Brawn was specifically designed with repetitive insertions of query sequences into reference alignments in mind.

Brawn takes advantage of that repetitive nature by using cache files to remove the calculations that would need to be repeated over and over for the reference alignments. This counters the speed loss of moving from C to python. Initially building these cache files will take about 10 times longer than an equivalent single run.

While results are often identical to those from MUSCLE, there will occasionally be some minor variations. If an alignment would be very poor in the best case, this variation will be more pronounced.

Only protein sequences are explicitly supported at the moment, full DNA/RNA support may follow later.

Installation

from PyPI

pip install brawn

from source

pip install .

for development

pip install .[testing]

Use

For speed, using a cache file is extremely important. They can be built and used both programatically and the command line. They are also optional, if required.

Basic profile-profile mode

To load an alignment from a FASTA file, use:

from brawn import Alignment

with open("some.fasta") as handle:
    alignment = Alignment.from_file(handle)

Or, to build from an existing dictionary (even if it's just one element), use:

name_to_sequence = {
    "A": "GT-DVG",
    "B": "GTK-VG",
}
alignment = Alignment(name_to_sequence)

Or, to load cached calculations directly (this is the preferable option for large alignments):

with open("reference.cache") as handle:
    alignment = Alignment.from_cache_file(handle)

As a sidenote, to build a cache for the reference alignment:

with open("reference.cache", "w") as handle:
    alignment.to_cache_file(handle)

This will add any needed computational steps prior to writing.

Once two alignments have been created/loaded, they can be combined with:

from brawn import combine_alignments

result = combine_alignments(alignment1, alignment2)

And the resulting alignment can be output to file:

with open("output.fasta", "w") as handle:
    result.to_file(handle=handle)

# if handle is not supplied, the output will be sent to sys.stdout
results.to_file()

Simpler insertion of a sequence into an alignment

For the use case that brawn was designed for, only a single sequence is being inserted into a reference alignment at a time. This is usually paired with fetching a single reference sequence, and finding the matching sites.

# note: this still aligns with the full reference alignment
# only the reference sequence mentioned by name will be built
aligned_query, aligned_reference = get_aligned_pair(query_sequence, reference_name,
                                                    reference_alignment)

Or, if you prefer to have the full set of newly aligned reference sequences as a dictionary:

aligned_query, aligned_refs_by_name = insert_into_alignment(query_sequence, alignment)

From the command line

Brawn can function as a drop-in replacement for MUSCLE's -profile mode, complete command line argument conversion.

To take advantage of cached alignment calculations, first build a cache of your alignment, with:

brawn input.fasta --build-cache desired_cache_path

From that point, you can use cached files and plain FASTA files interchangeably. E.g.

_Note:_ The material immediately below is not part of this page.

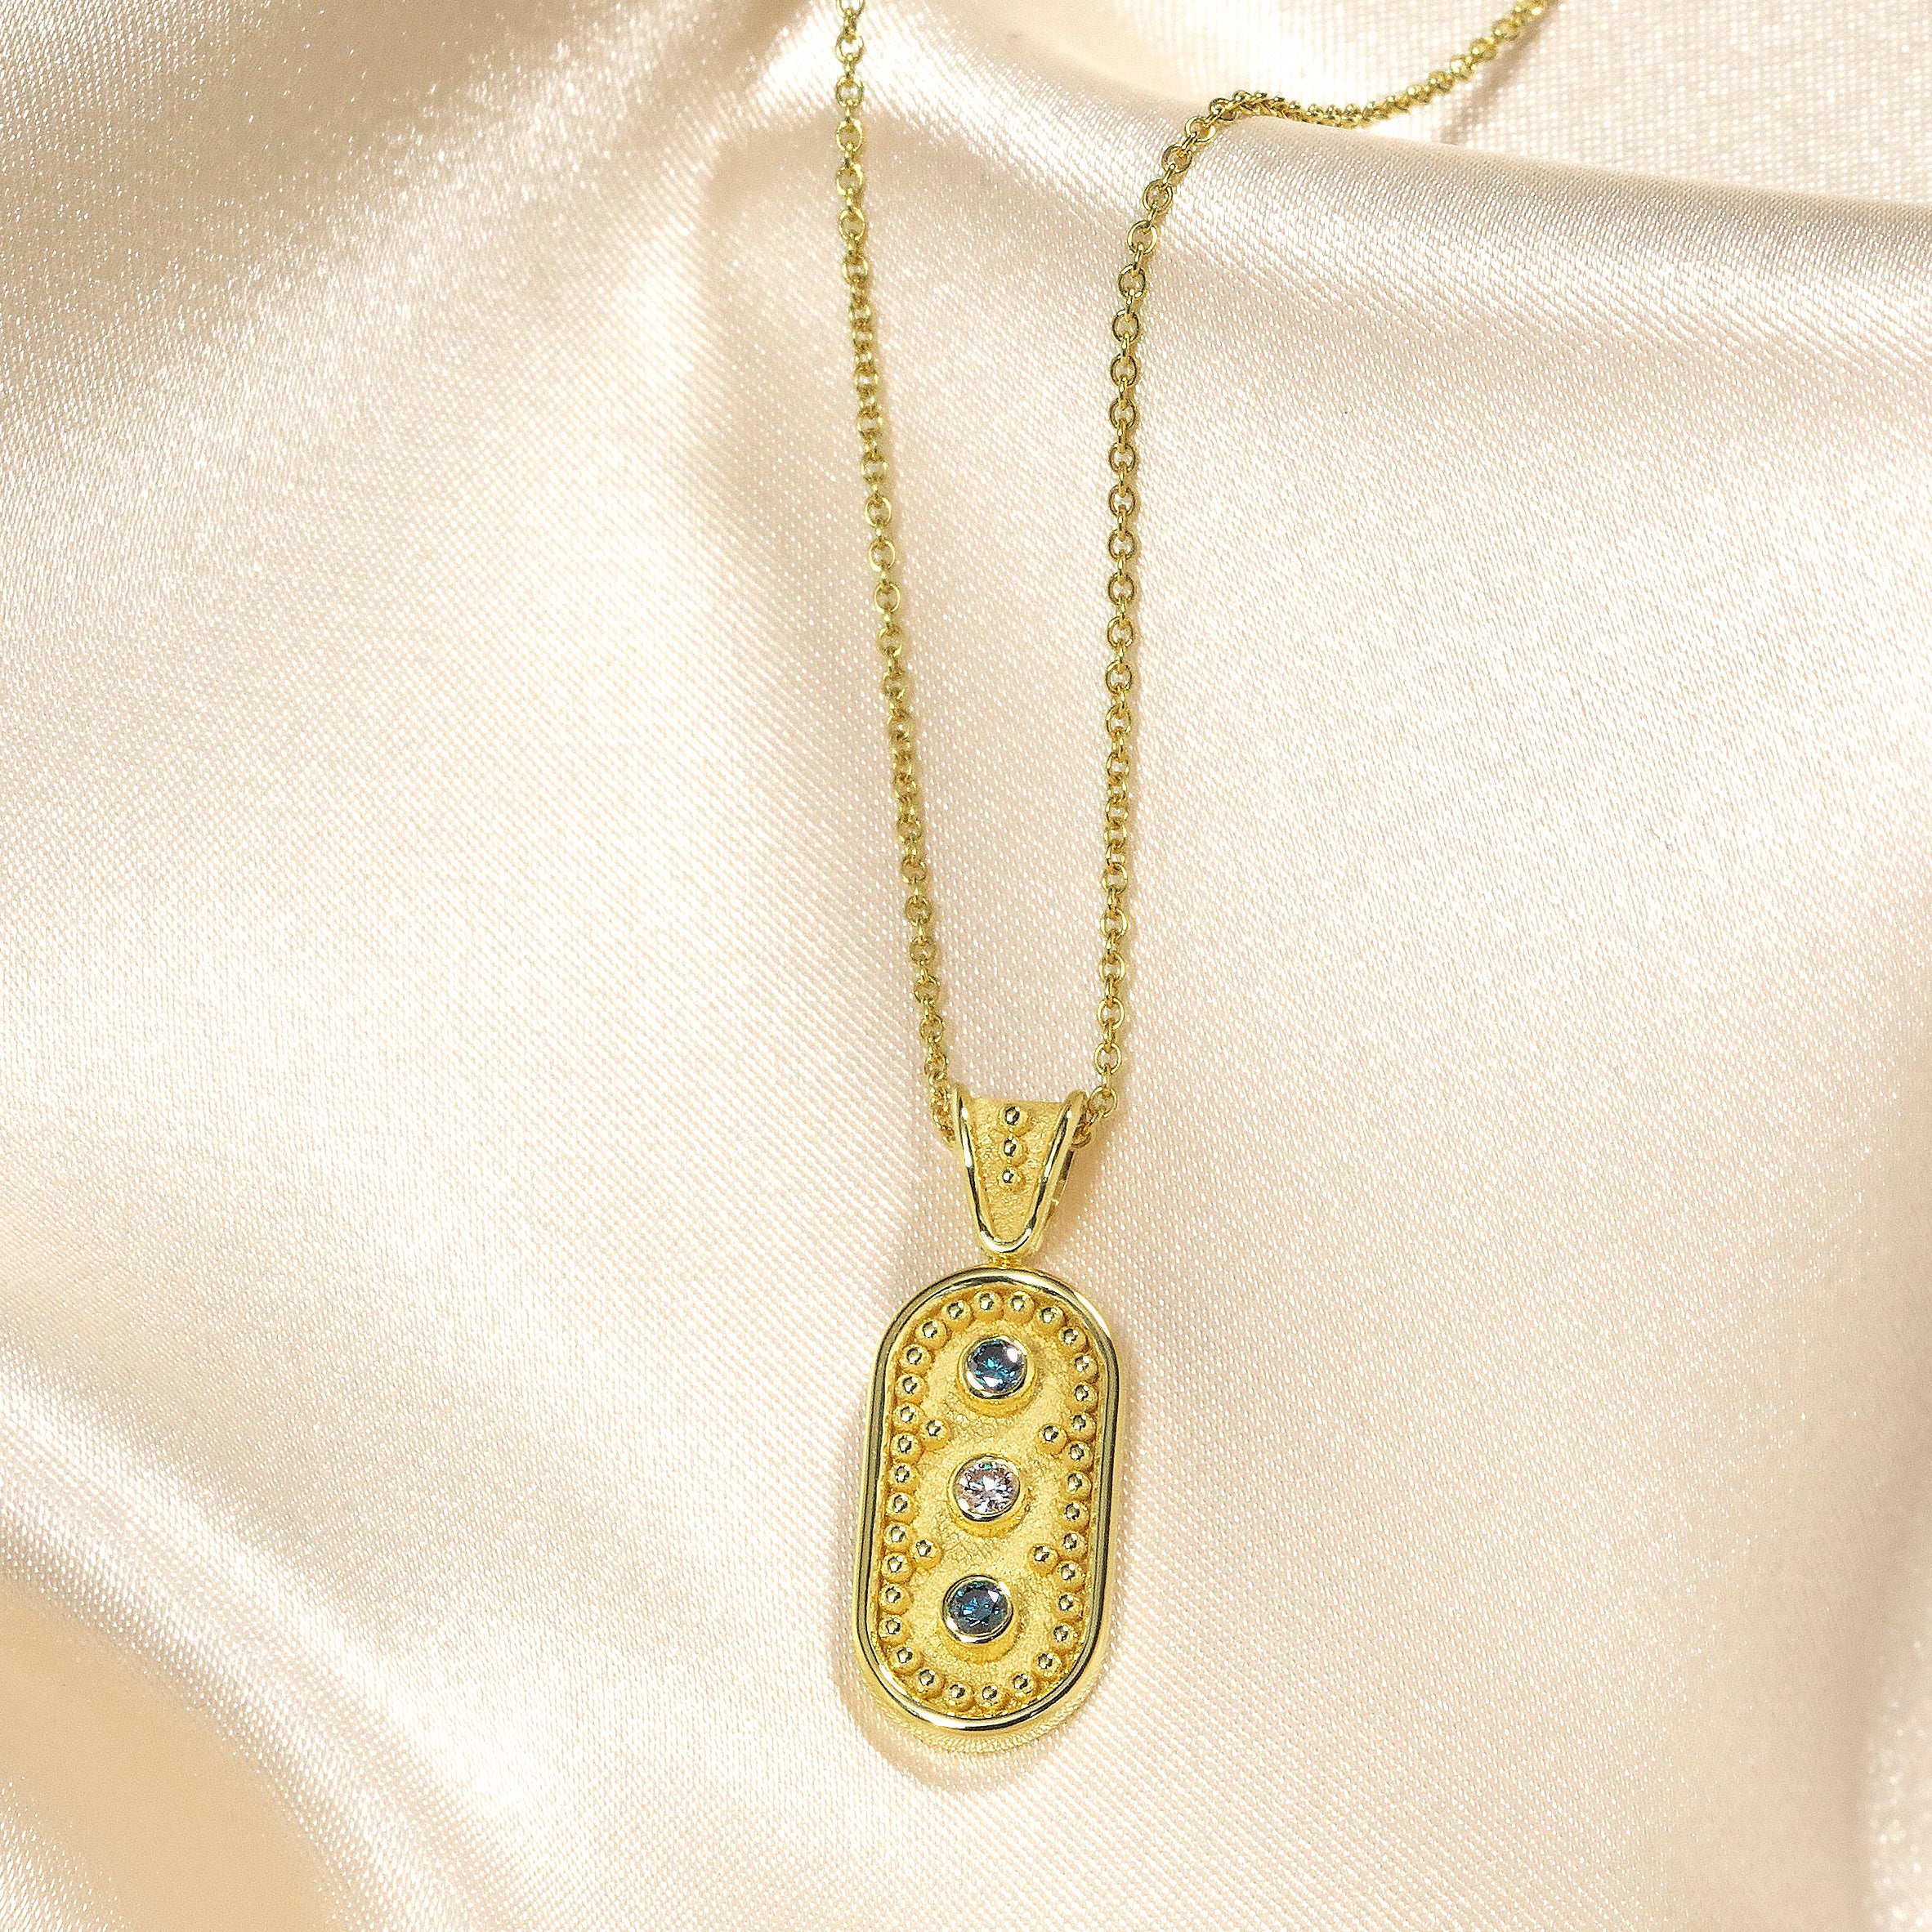 Byzantine Gold Pendant with Blue Diamonds Odysseus Jewelry

brawn query.fasta --reference-alignment some_fasta_file

and

brawn query.fasta --reference-alignment some_cache_file

will both work as expected.

For the command line, the resulting FASTA output will to be stdout.

Project details


Download files

Download the file for your platform. If you're not sure which to choose, learn more about installing packages.

Source Distribution

brawn-1.0.2.tar.gz (38.5 kB view details)

Uploaded Source

Built Distribution

If you're not sure about the file name format, learn more about wheel file names.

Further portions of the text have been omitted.